Regular Expression Query DSL

I have what I think should be easy to do, but am struggling b.c of how REGEX is handled in a DSL query.

I have records that look like this

Main App Name
sub-app1 - (Main App Name)
sub-app2 - (Main App Name)
sub-app3 - (Main App Name)

Main App Name2
sub-app1 - Main App Name2
sub-app2 - Main App Name2
sub-app3 - Main App Name2

I want to do a filter that allows me to only show
Main App Name
Main App Name2

...and anything else that isn't main app (but not the sub-apps).

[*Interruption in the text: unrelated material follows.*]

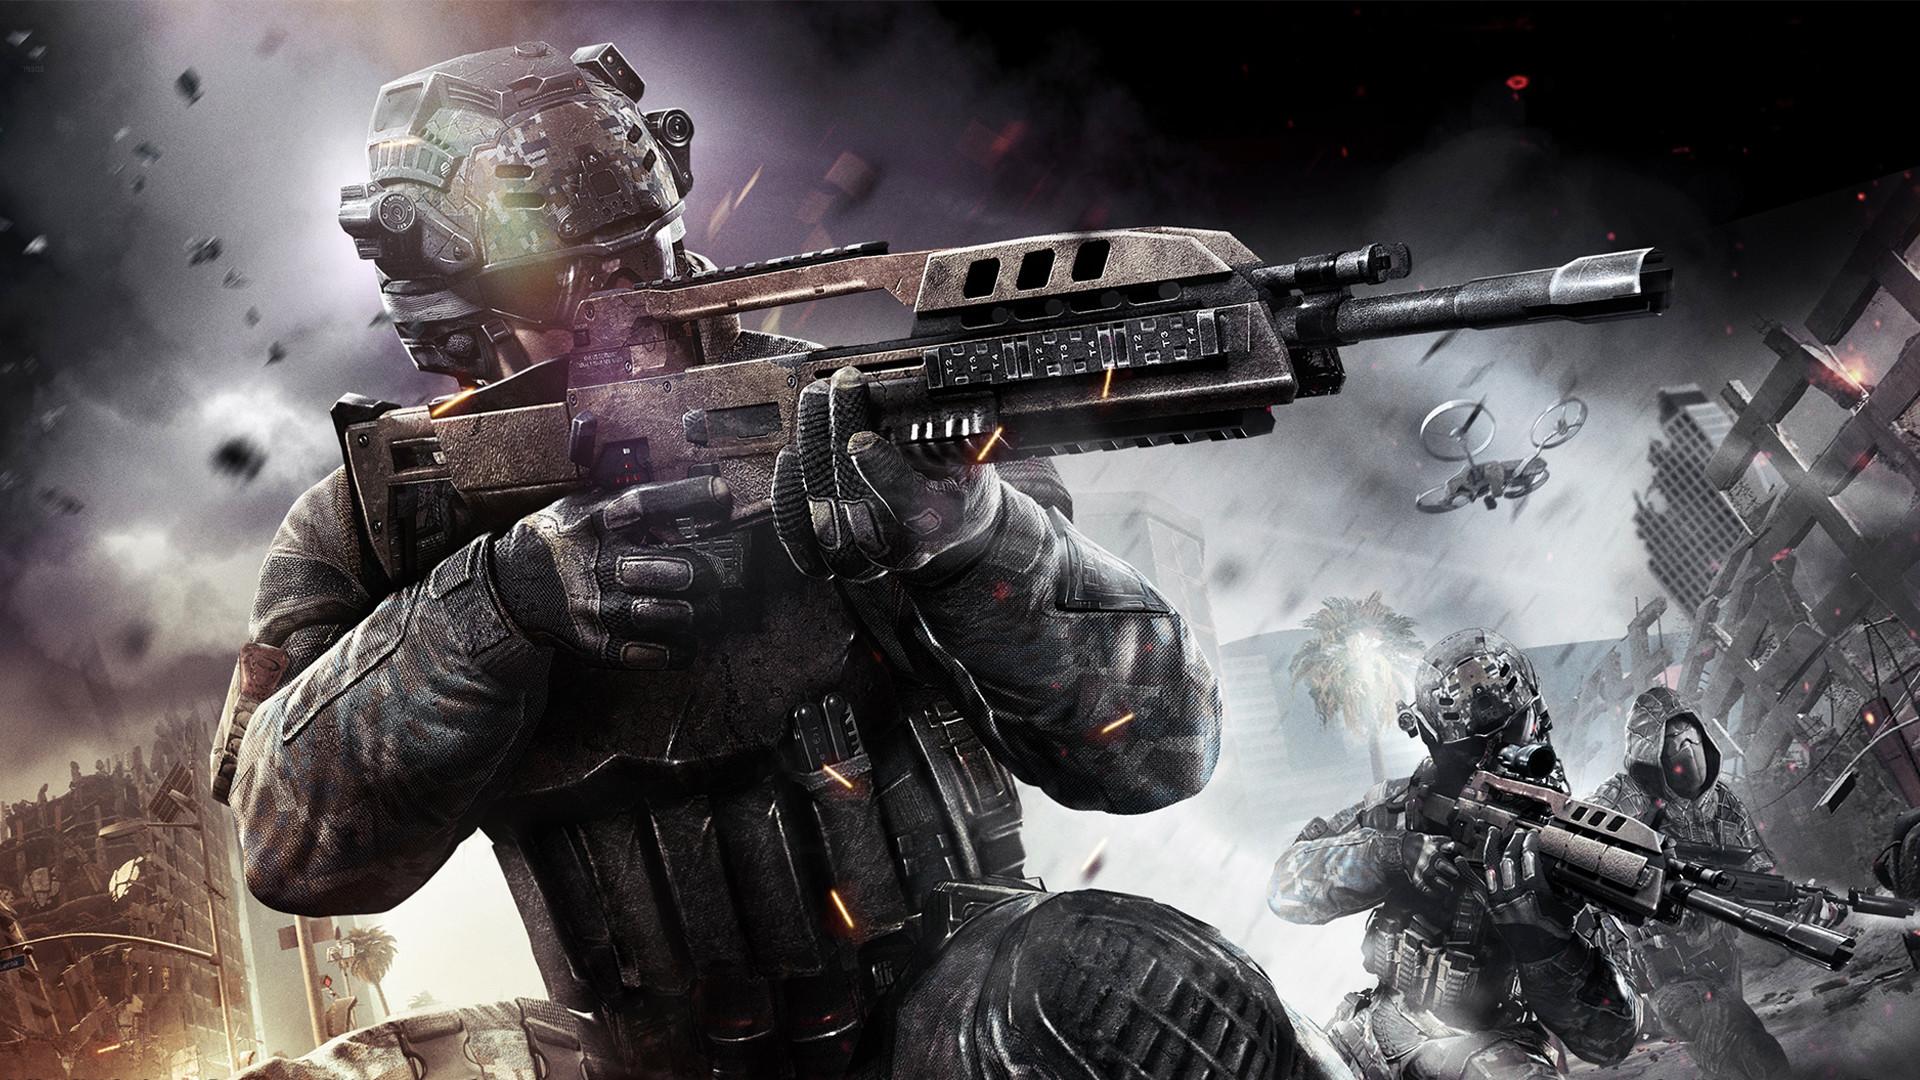 Black Ops 2 Origins Wallpaper 88 Images

I tried doing a filter that matched for the parenthesis, but that doesn't seem to work. I also tried doing a filter that matches for the hyphen in front of Main App Name2 sub apps but that doesn't work. Whatever I chose I end up filtering out everything that has main app name and main app name2 or nothing.

Hello @dandcp

How are you attempting the query? Could you post a screen shot?

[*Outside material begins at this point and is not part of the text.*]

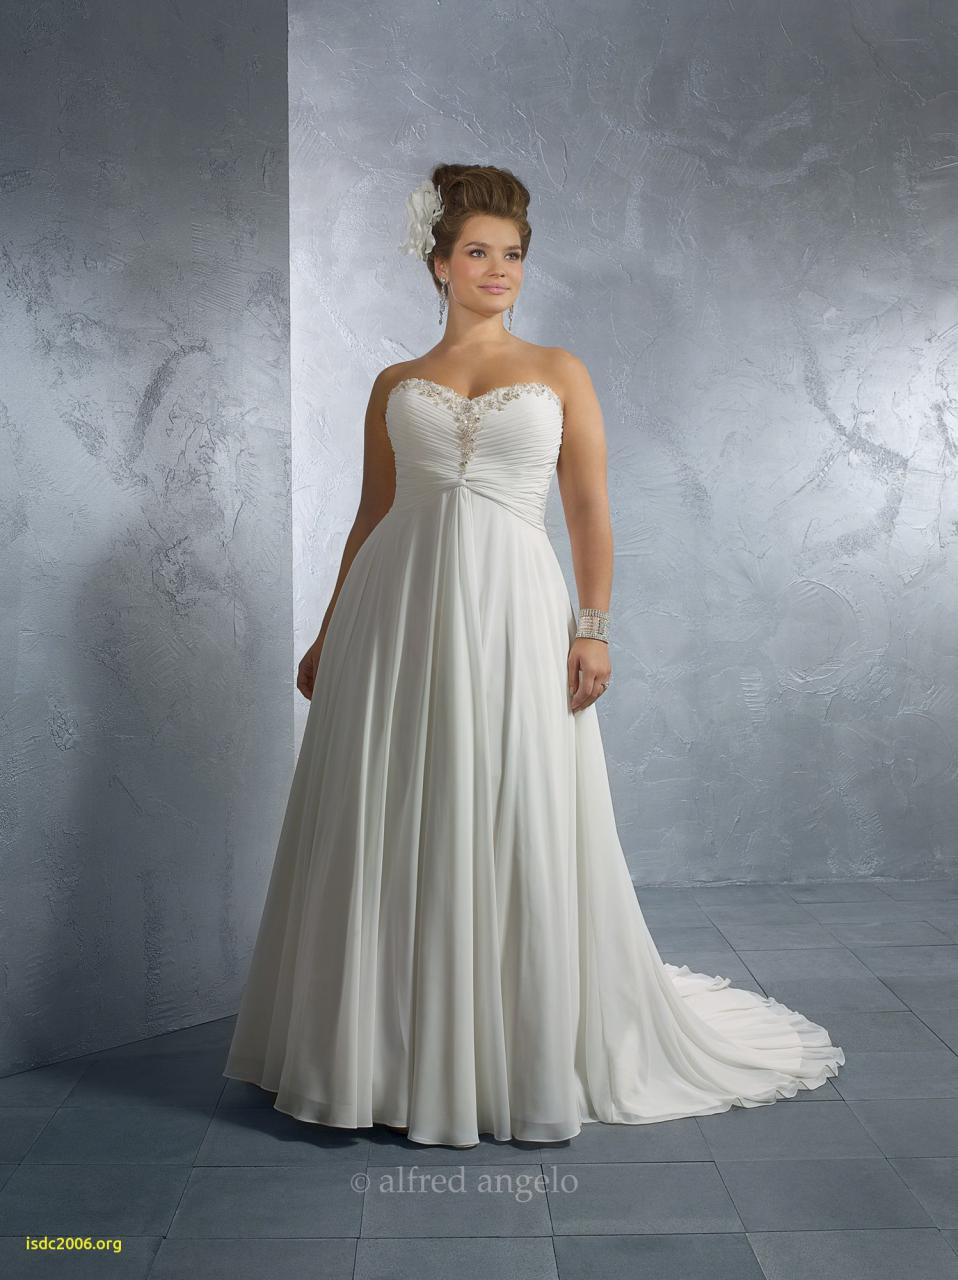 Fantastic Farah Diba Wedding Dress Image Collection Wedding Ideas

Here's some info you might find helpful - Kibana filter regex 'string starts with' doesn't work

I have a data table visualization (for example) with the following records:

I want to query and remove the italicized records and keep the bolded ones.

Workplace Accommodation Request (WPA) - Appian BPM
Work Order Authorization - Workflow (Salesforce)
Work Order Authorization - Appian BPM
Random App Here
Salesforce Apps
Appian BPM Apps
Random App 2

I want to filter out the lines that end with (Salesforce) or "- Appian BPM" but I want to include the two lines that say Salesforce Apps and Appian BPM Apps and anything else (i.e. random app here).

I have tried the following query:

{
  "query": {
    "bool": {
      "must_not": [
        {
          "match": {
            "name": "*(Salesforce)"
          }
        },
        {
          "match": {
            "name": "*Appian BPM"
          }
        }
      ]
    }
  }
}

...that takes everything that has Salesforce or Appian out of the query (even the two that aren't in parenthesis or preceded by a hyphen.

@mattkime any thoughts?

Apologies for the delay, this is trickier than it looks because the supported wildcard queries match based on terms and don't recognize the end of a field.

What potential values might the field have? So far I've been treating it like a freeform text field which is proving difficult to work with. I wonder if a keyword field would work better.

@mattkime I am kind of happy that it isn't as simple as 1-2-3 because I spent a good amount of time trying to get it to work. I don't have a ton of Kibana experience but I've worked with regex's enough to think that this would have been relatively easy going into it but with the way things are anchored (or not anchored) it's proving difficult. The field is a freeform text field. When you say a "keyword" field would work better - how do I go about creating that?

Here's a good explanation - https://www.elastic.co/guide/en/elasticsearch/reference/current/keyword.html

I'll try to summarize the problem, please confirm if its accurate -

You can search by *(Salesforce) but it will find something (Salesforce) something so the wildcard isn't very meaningful. This is with a text field. Its searching for terms in the text regardless of their position.

With a keyword field, the text isn't analyzed. It sees the whole field as a single term/token. This time *(Salesforce) will only match the end of keywords because there's no trailing *.

I must be doing something wrong b/c even when I select the name.keyword field I can't do a wildcard search.

I tried:

{
	"query": {
	  "bool": {
	      "must_not":[
		  {"match": {"name": "*(Salesforce)"}},
		  {"match": {"name": "*- Appian BPM"}}
		  ]
		}
}
}

...but once again, that filters out anything with Salesforce in the name as well.

try querying name.keyword instead of the name field directly. elastic.co/guide/en/elasticsearch/reference/current/multi-fields.html

This topic was automatically closed 28 days after the last reply. New replies are no longer allowed.